We will also explore if the model performs better for the entire population or for men and women separately.

In [None]:
# d <- pxweb_interactive("https://api.scb.se/OV0104/v1/doris/sv/ssd/UF/UF0550/UF0550C/Historisk11bN")
API_wait <- 1e-3
pxq_edu <-
  list(
    "Examen" = c("*"), # Use "*" to select all
    "Kon" = c("*"),
    "ContentsCode" = c("000004NE"),
    "Tid" = c("*")
  )
pxg_edu <- pxweb_get("https://api.scb.se/OV0104/v1/doris/sv/ssd/START/UF/UF0550/UF0550C/Historisk11bN", pxq_edu)
Sys.sleep(API_wait)
pxq_pop <-
  list(
    "Kon" = c("*"),
    "ContentsCode" = c("000000LV"),
    "Tid" = c("*")
  )

pxg_pop <- pxweb_get("https://api.scb.se/OV0104/v1/doris/sv/ssd/START/BE/BE0101/BE0101G/BefUtvKon1749", pxq_pop)
Sys.sleep(API_wait)
# https://api.scb.se/OV0104/v1/doris/sv/ssd/START/HE/HE0103/HE0103A/ArbInk28
pxq_income <- list(
  "Kon" = c("*"),
  "Tid" = c("*"),
  "ContentsCode" = c("HE0103CL")
  # "HE0103CM")
)
pxg_income <- pxweb_get("https://api.scb.se/OV0104/v1/doris/sv/ssd/START/HE/HE0103/HE0103A/ArbInk28", pxq_income)

Sys.sleep(API_wait)
pxq_kpi <- list(
  "Tid" = c("*"),
  "ContentsCode" = c("000004VU")
)
pxg_kpi <- pxweb_get("https://api.scb.se/OV0104/v1/doris/sv/ssd/START/PR/PR0101/PR0101A/KPItotM", pxq_kpi)

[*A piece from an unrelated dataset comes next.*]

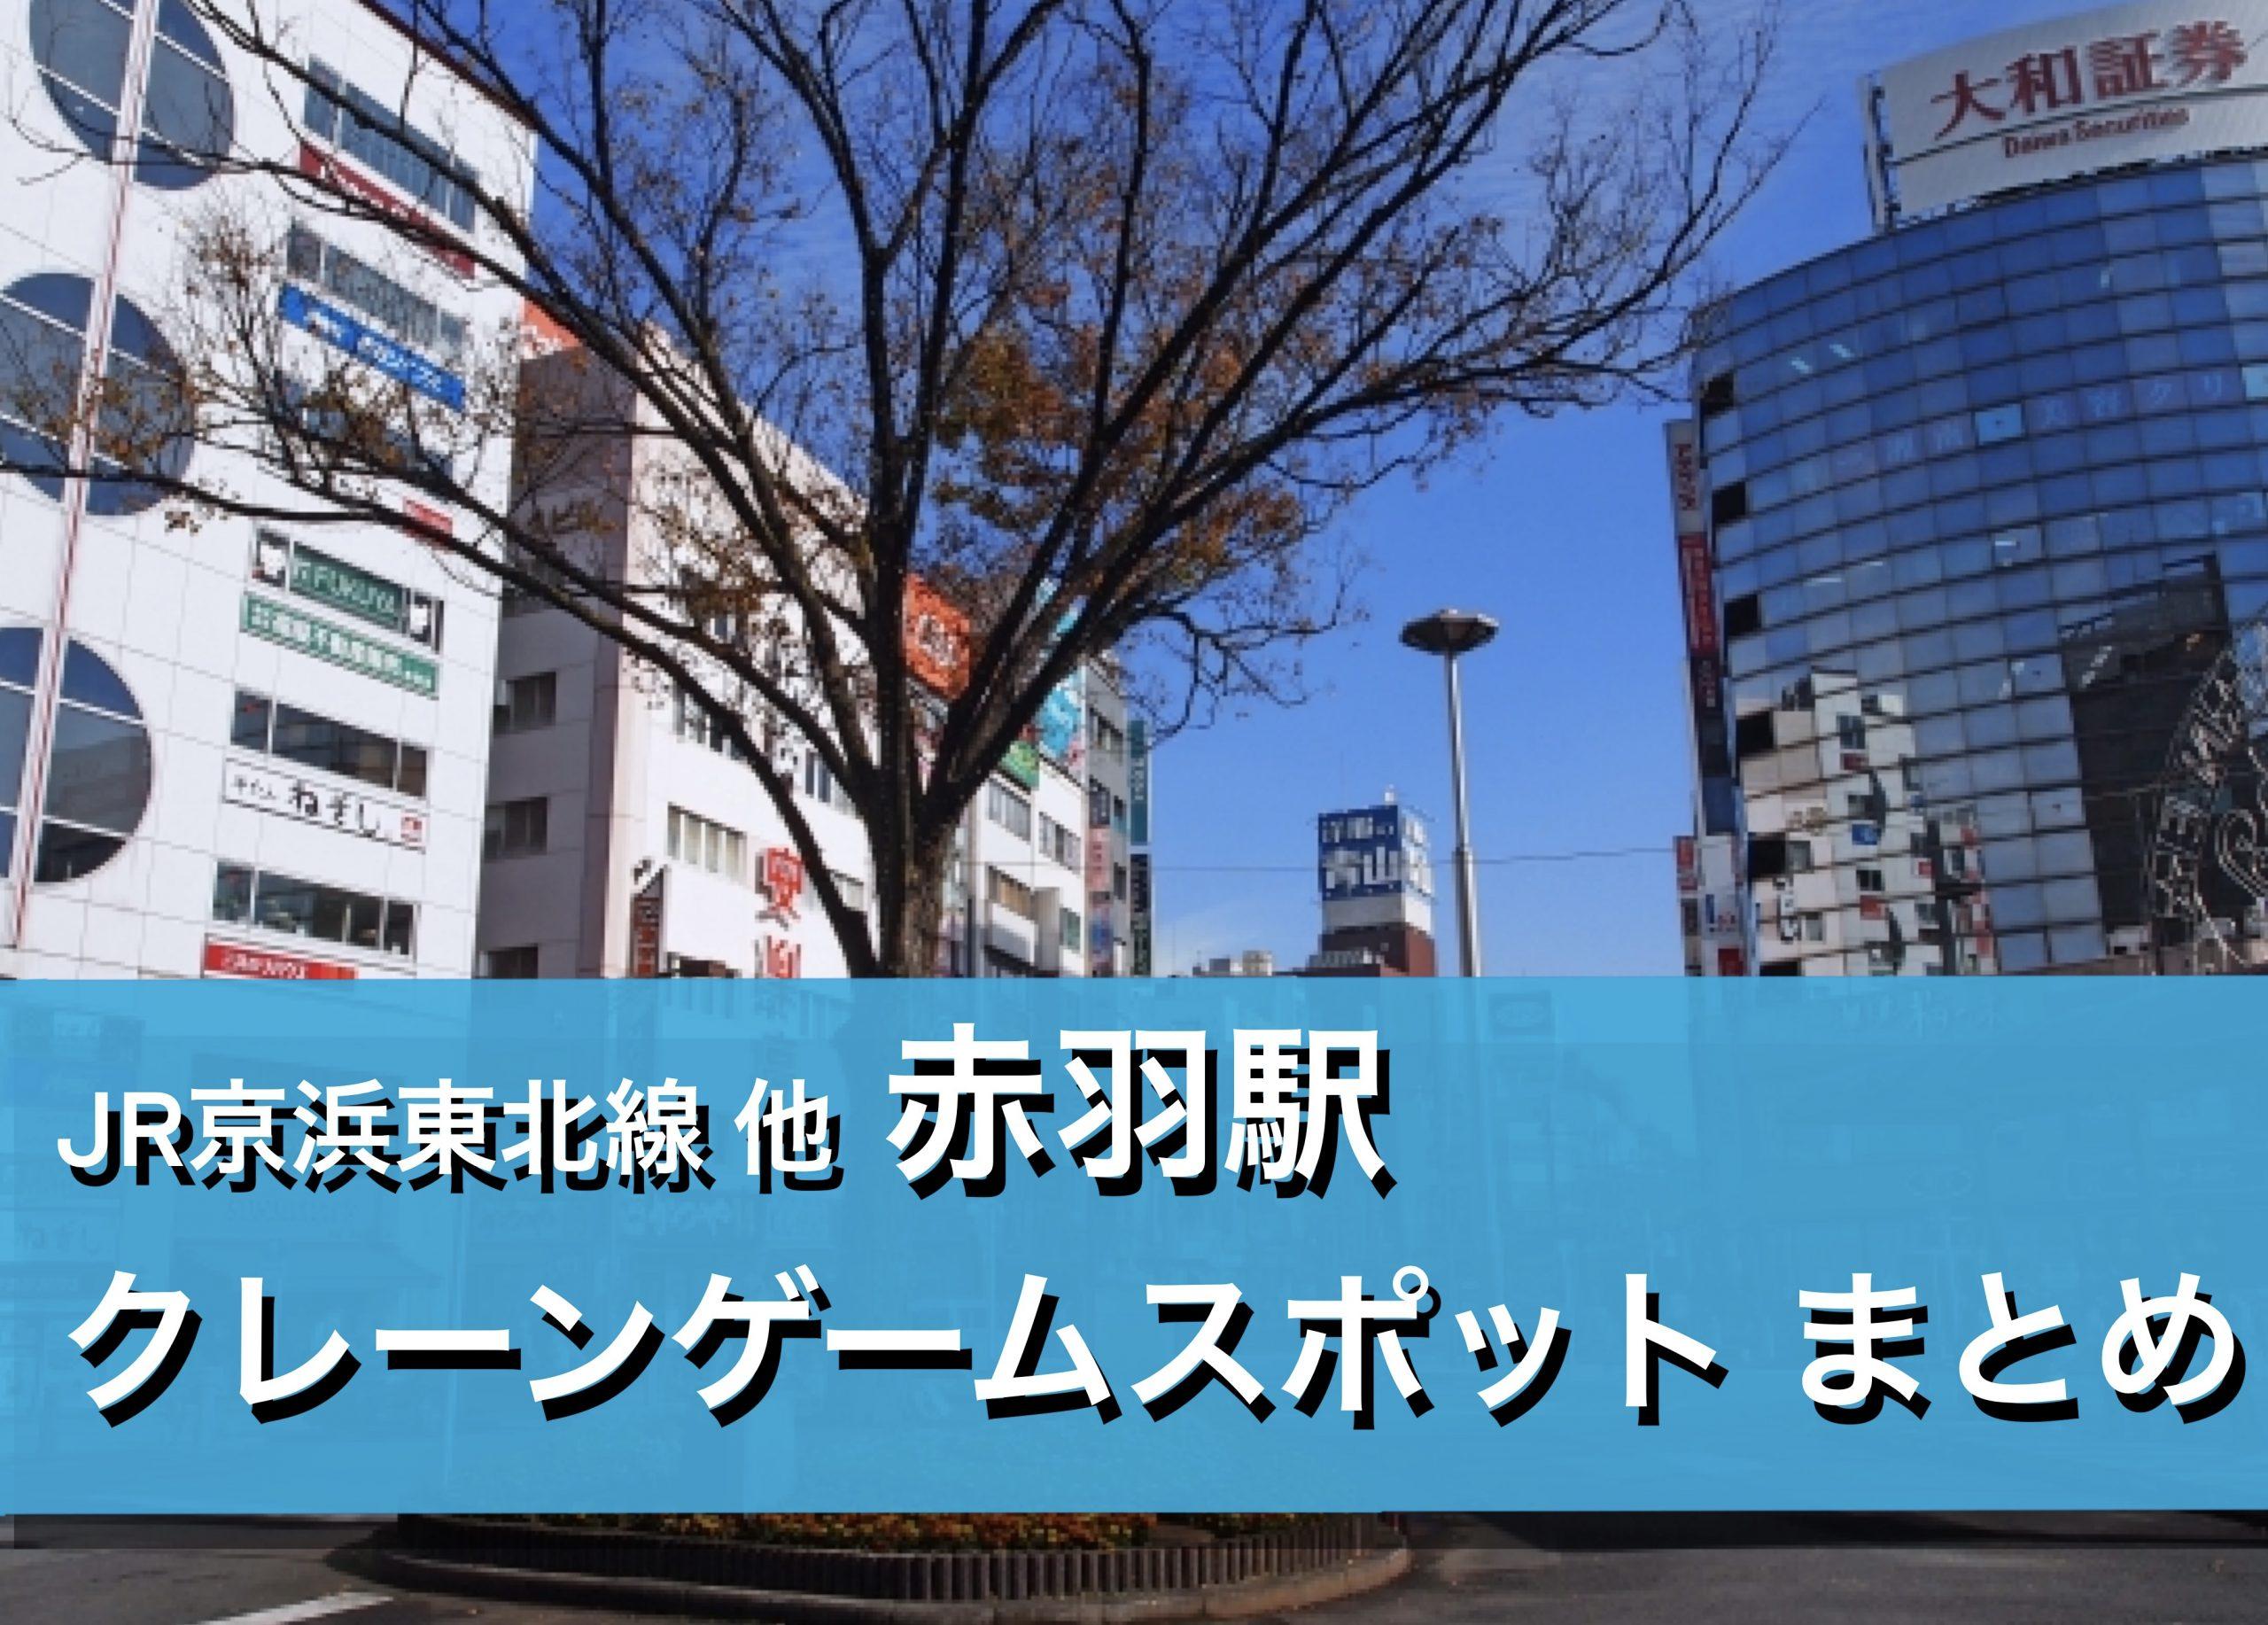 【赤羽駅】クレーンゲームができる場所

We start by gathering data from SCB about education,income,KPI and population.
Then we clean and modify the data to fit our needs.

In [None]:
edu_df <- as.data.frame(pxg_edu)
edu_df <- as_tibble(edu_df)

doktor_df <- edu_df %>%
    filter(examen %in% c("Doktorsgrad", "Doktorsexamen")) %>%
    group_by(läsår, kön) %>%
    mutate(`Utfärdade examina vid universitet och högskolor` = sum(`Utfärdade examina vid universitet och högskolor`)) %>%
    filter(examen == "Doktorsexamen") %>%
    ungroup()


licenciat_df <- edu_df %>%
    filter(examen %in% c("Licentiatexamen", "Licentiatexamen (Äldre)")) %>%
    group_by(läsår, kön) %>%
    mutate(`Utfärdade examina vid universitet och högskolor` = sum(`Utfärdade examina vid universitet och högskolor`)) %>%
    filter(examen == "Licentiatexamen") %>%
    ungroup()


edu_df <- edu_df %>%
    filter(examen == "Examen från grundutbildning") %>%
    full_join(licenciat_df) %>%
    full_join(doktor_df) %>%
    pivot_wider(names_from = kön, values_from = `Utfärdade examina vid universitet och högskolor`) %>%
    mutate(läsår = as.integer(str_extract(läsår, "^\\w*"))) %>%
    rename(år = läsår) %>%
    pivot_longer(!c(år, examen), names_to = "kön", values_to = "antal") %>%
    mutate(
        kön = str_replace(kön, "båda könen", "totalt"),
        examen = factor(examen,
            ordered = FALSE,
            levels = c(
                "Examen från grundutbildning", "Licentiatexamen", "Licentiatexamen (Äldre)", "Doktorsgrad", "Doktorsexamen"
            ),
            labels = c(
                "Grundutbildning", "Licentiatexamen", "Licentiatexamen", "Doktorsexamen", "Doktorsexamen"
            )
        )
    )

pop_df <- as.data.frame(pxg_pop)
pop_df <- as_tibble(pop_df) %>% mutate(år = as.integer(år)) # %>%



income_df <- as.data.frame(pxg_income)
income_df <- as_tibble(income_df) %>%
    filter(år >= 1936) %>%
    mutate(år = as.integer(år))


kpi_df <- as.data.frame(pxg_kpi)
kpi_df <- as_tibble(kpi_df) %>%
    mutate(månad = str_extract(månad, "(20|19)[\\d]{2}")) %>%
    rename("år" = "månad") %>%
    group_by(år) %>%
    mutate(år = as.integer(år)) %>%
    summarize(`AVG_KPI_Fastställd` = mean(`KPI, fastställda tal`)) %>%
    ungroup()


final_df <- edu_df %>%
    left_join(income_df, by = join_by("år", kön == kön)) %>%
    left_join(kpi_df, by = "år") %>%
    left_join(pop_df, by = join_by("år", kön == kön)) %>%
    rename(medelinkomst = `Medelvärde, tkr`) %>%
    mutate(kön = factor(kön, levels = c("totalt", "kvinnor", "män"), ordered = FALSE)) %>%
    drop_na()

final_df %>% filter(år == 1980)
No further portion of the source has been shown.